* _DATA SUPPLIED_

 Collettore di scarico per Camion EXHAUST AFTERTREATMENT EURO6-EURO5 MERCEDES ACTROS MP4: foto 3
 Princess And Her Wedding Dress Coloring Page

---

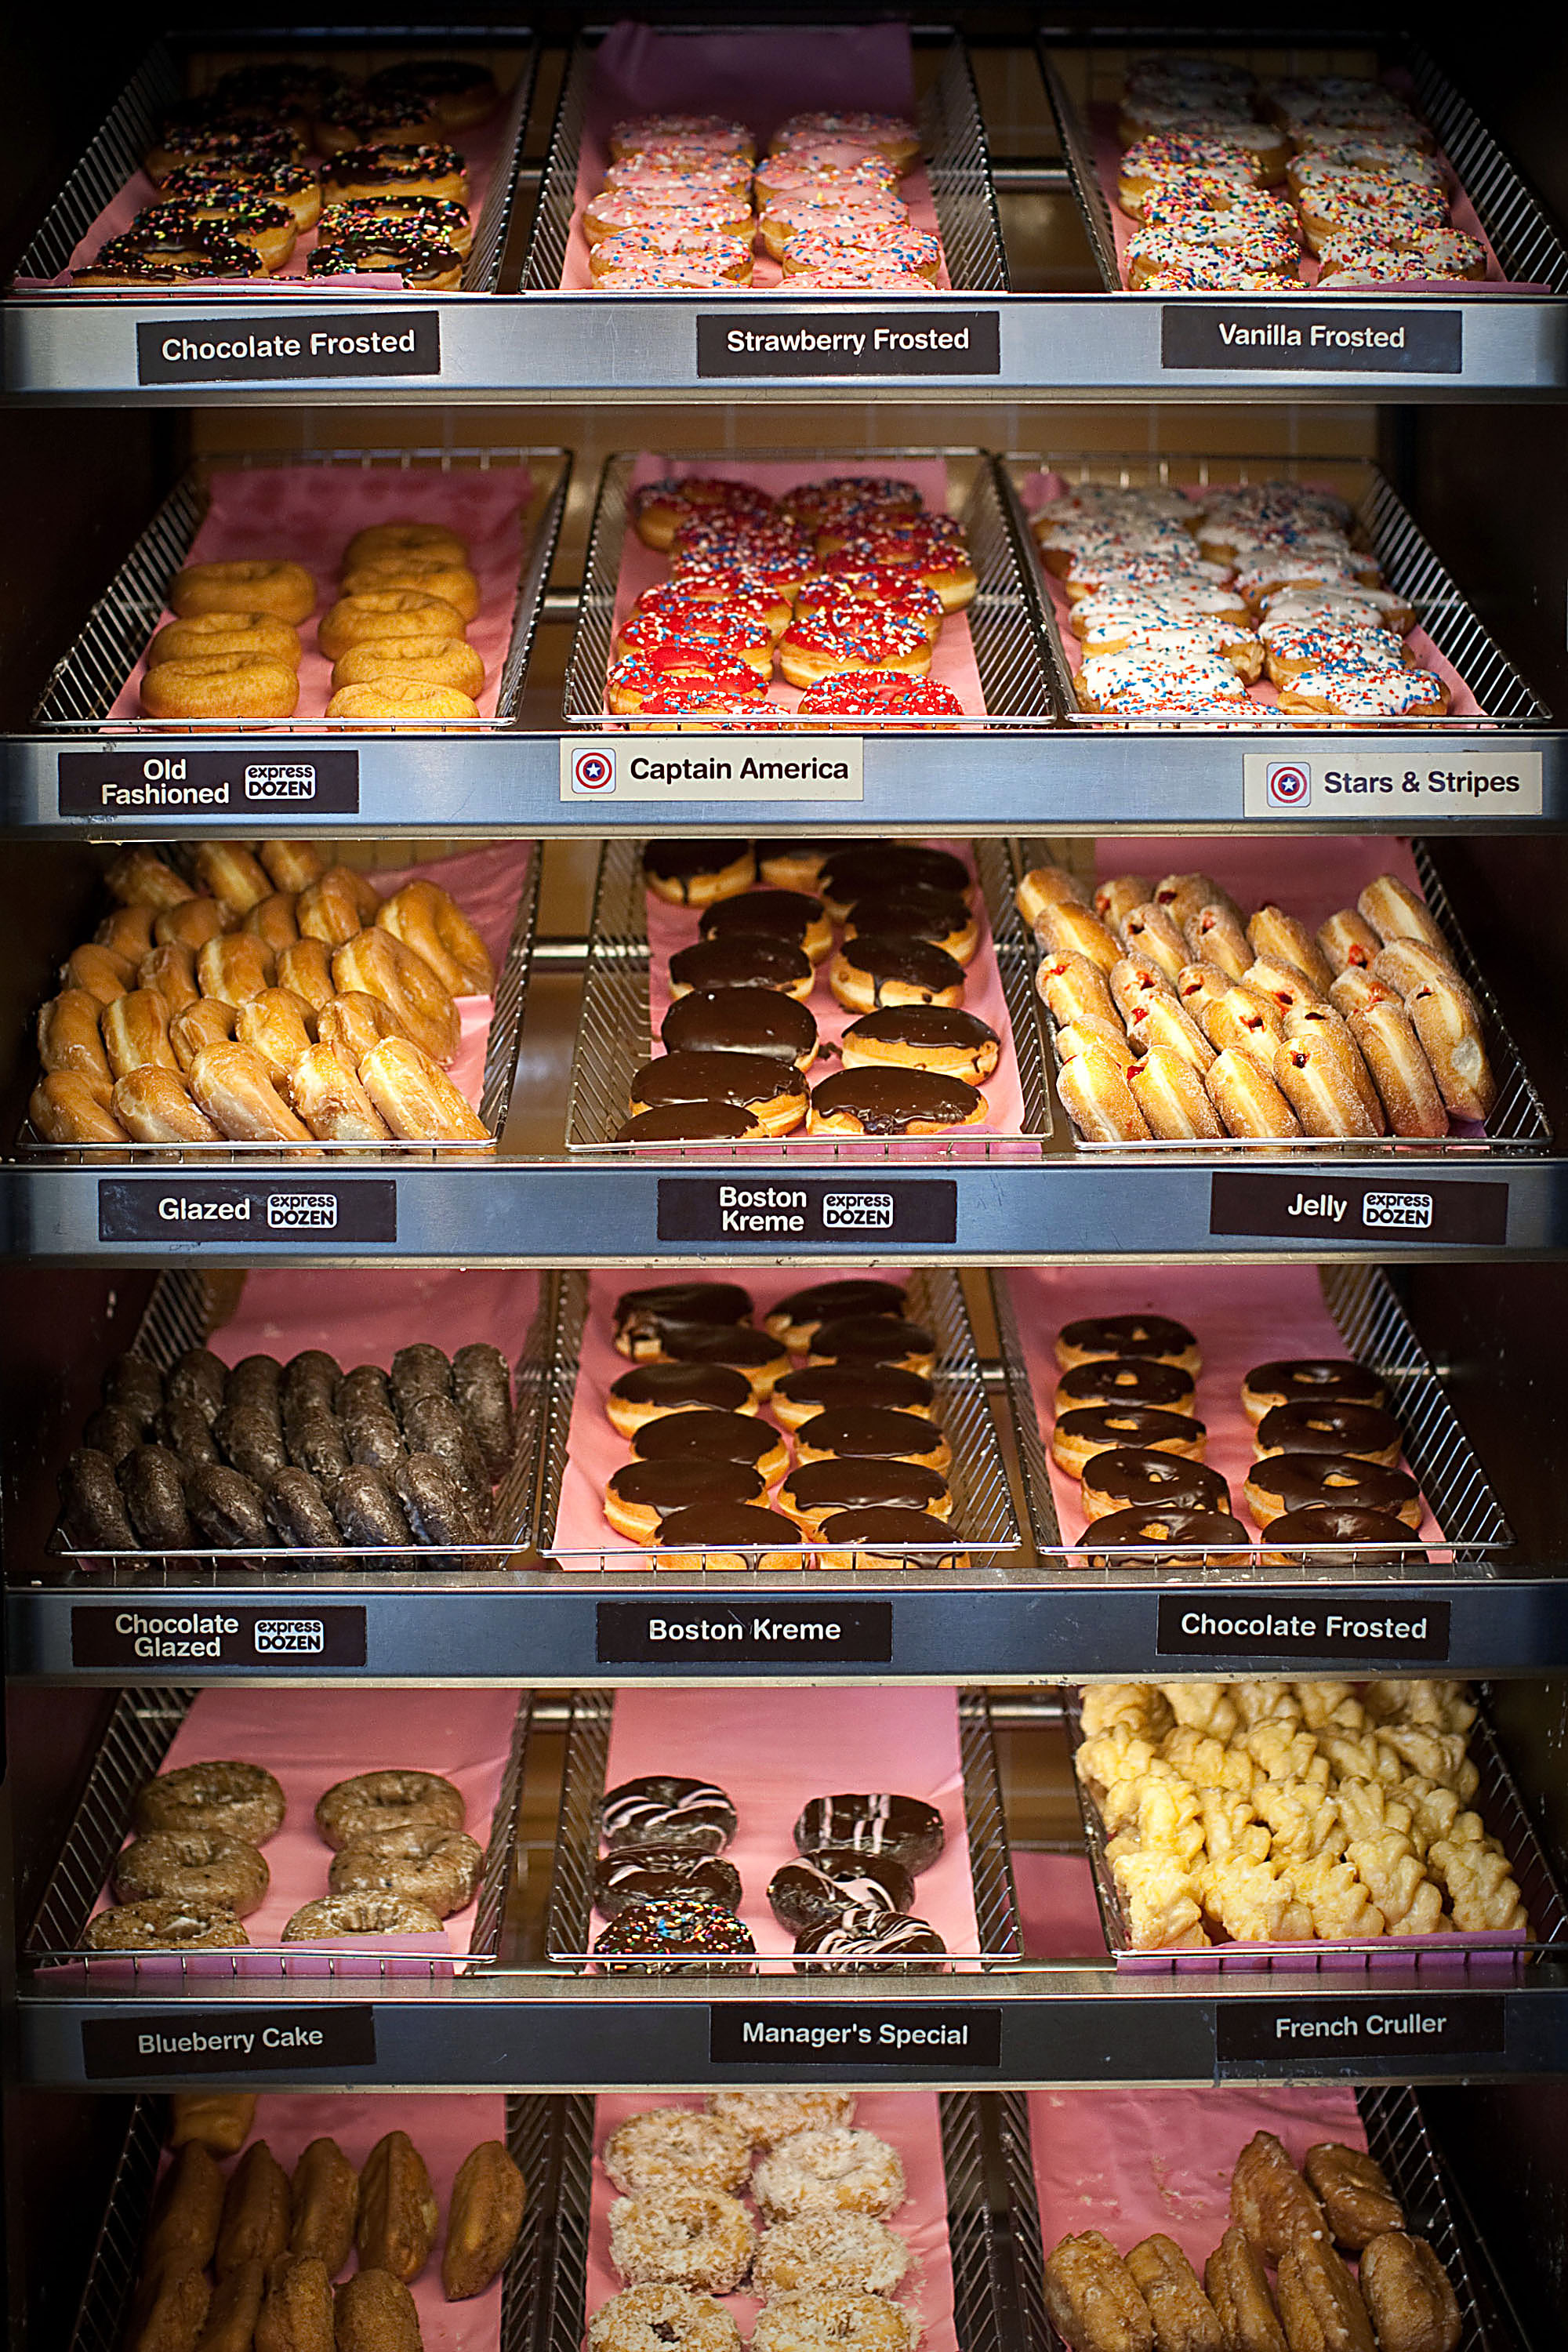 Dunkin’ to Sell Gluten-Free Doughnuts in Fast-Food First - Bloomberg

==

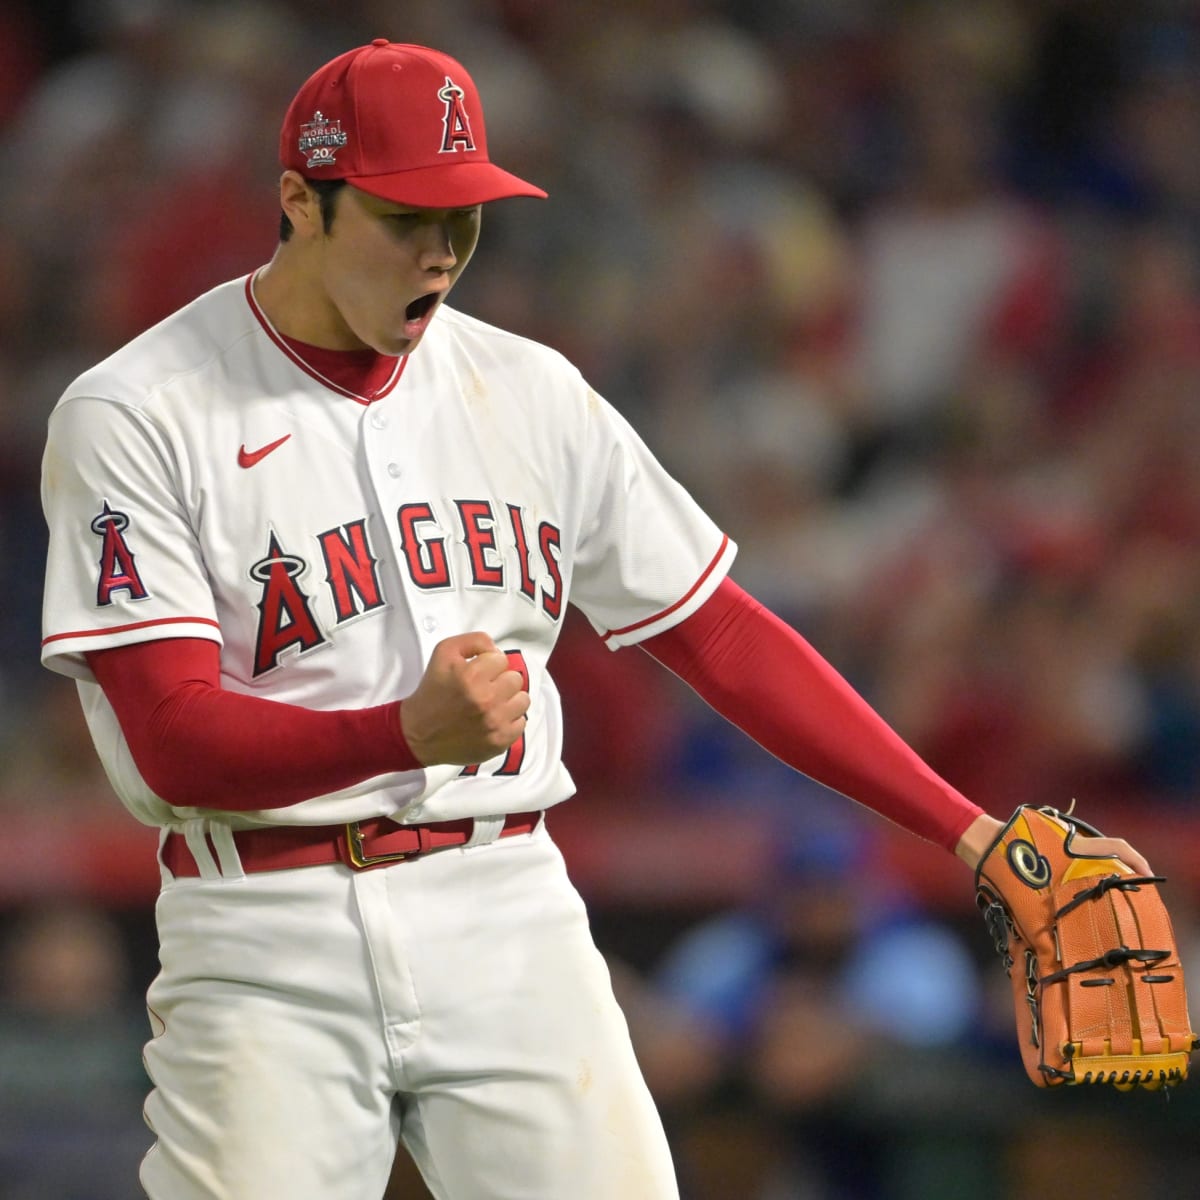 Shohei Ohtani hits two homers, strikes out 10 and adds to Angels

* _EXERCISE DETAILS_
Start with the line above that contains "Collettore di scarico" and stop after the line that contains "Princess And Her Wedding Dress Coloring Page". Output those lines exactly, and only those.

* _TASK OUTPUT_
 Collettore di scarico per Camion EXHAUST AFTERTREATMENT EURO6-EURO5 MERCEDES ACTROS MP4: foto 3
 Princess And Her Wedding Dress Coloring Page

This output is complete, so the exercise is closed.